Exercise $$\PageIndex{4}$$

$$\bigstar$$ Solve each exponential equation. Find the exact answer and then approximate it to three decimal places.

 81. $$2^{x}=74$$ 82. $$5^{x}=110$$ 83. $$4^{x}=112$$ 84. $$3^{x}=89$$ 85. $$e^{x}=8$$ 86. $$e^{x}=16$$ 87. $$\left(\frac{1}{3}\right)^{x}=8$$ 88. $$\left(\frac{1}{2}\right)^{x}=6$$ 89. $$3 e^{x+2}=9$$ 90. $$6 e^{2 x}=24$$ 91. $$2 e^{3 x}=32$$ 92. $$4 e^{x+1}=16$$ 93. $$\frac{1}{3} e^{x}=2$$ 94. $$\frac{1}{4} e^{x}=3$$ 95. $$e^{x-1}+4=12$$ 96. $$e^{x+1}+2=16$$ 97. $$6^{4 x-17}=216$$ 98. $$3^{3 x+1}=81$$ 99. $$\dfrac{e^{x^{2}}}{e^{x}}=e^{20}$$ 100. $$\dfrac{e^{x^{2}}}{e^{14}}=e^{5 x}$$ 101. $$\left(\frac{1}{2}\right)^{x}=10$$ 102. $$6^{x}=91$$ 103. $$8 e^{x+5}=56$$ 104. $$7 e^{x-3}=35$$
 81. $$x=\frac{\log 74}{\log 2} \approx 6.209$$ 83. $$x=\frac{\log 112}{\log 4} \approx 3.404$$ 85. $$x=\ln 8 \approx 2.079$$ 87. $$x=\dfrac{\log 8}{\log \frac{1}{3}} \approx-1.893$$ 89. $$x=\ln 3-2 \approx-0.901$$ 91. $$x=\frac{\ln 16}{3} \approx 0.924$$ 93. $$x=\ln 6 \approx 1.792$$ 95. $$x=\ln 8+1 \approx 3.079$$ 97. $$x=5$$ 99. $$x=-4, x=5$$ 101. $$x=\dfrac{\log 10}{\log \frac{1}{2}} \approx-3.322$$ 103. $$x=\ln 7-5 \approx-3.054$$

$$\bigstar$$ For the following exercises, solve the exponential equation exactly.
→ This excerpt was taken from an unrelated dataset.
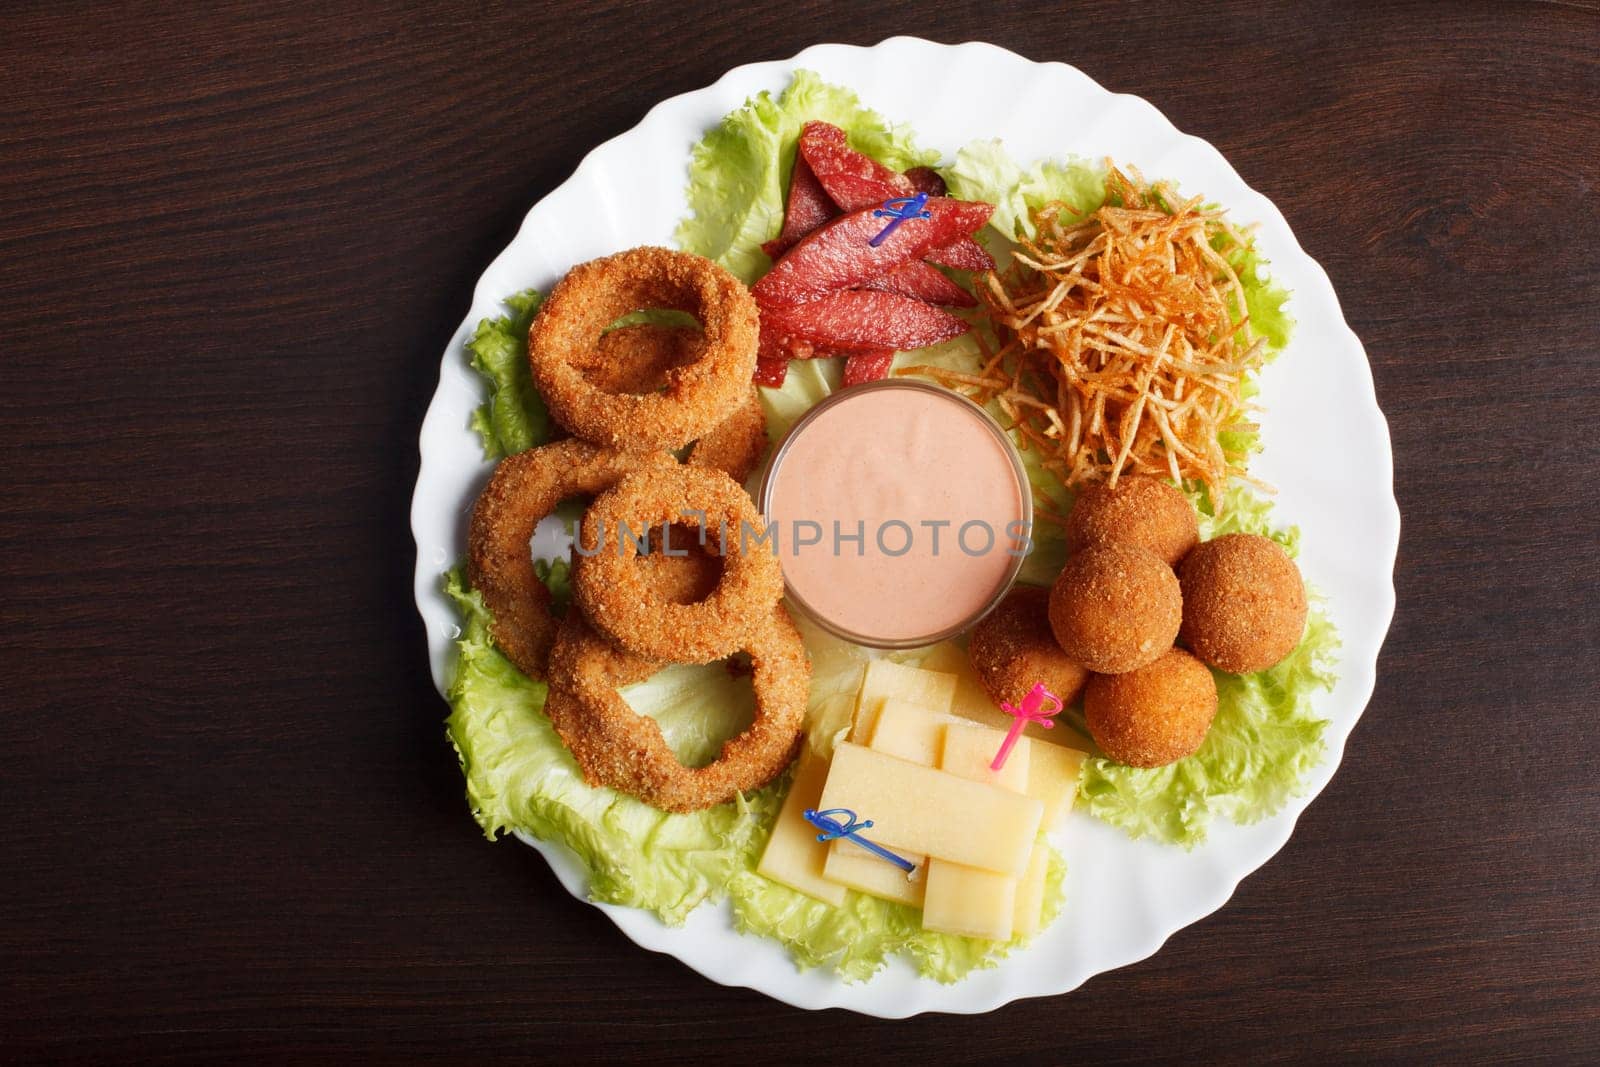 Image of crispy flavored snacks on plate, close-up

 105. $$e^{3x}−15=0$$ 106. $$5^x=125$$ 107. $$4^{x+1}−32=0$$ 108. $$8^x=4$$ 109. $$10^x=7.21$$ 110. $$3^{x/14}=\frac{1}{10}$$ 111. $$7^{3x−2}=11$$ 112. $$4⋅2^{3x}−20=0$$

$$\bigstar$$ For the following exercises, solve each equation. Write the exact solution, and then approximate the answer to $$3$$ decimal places.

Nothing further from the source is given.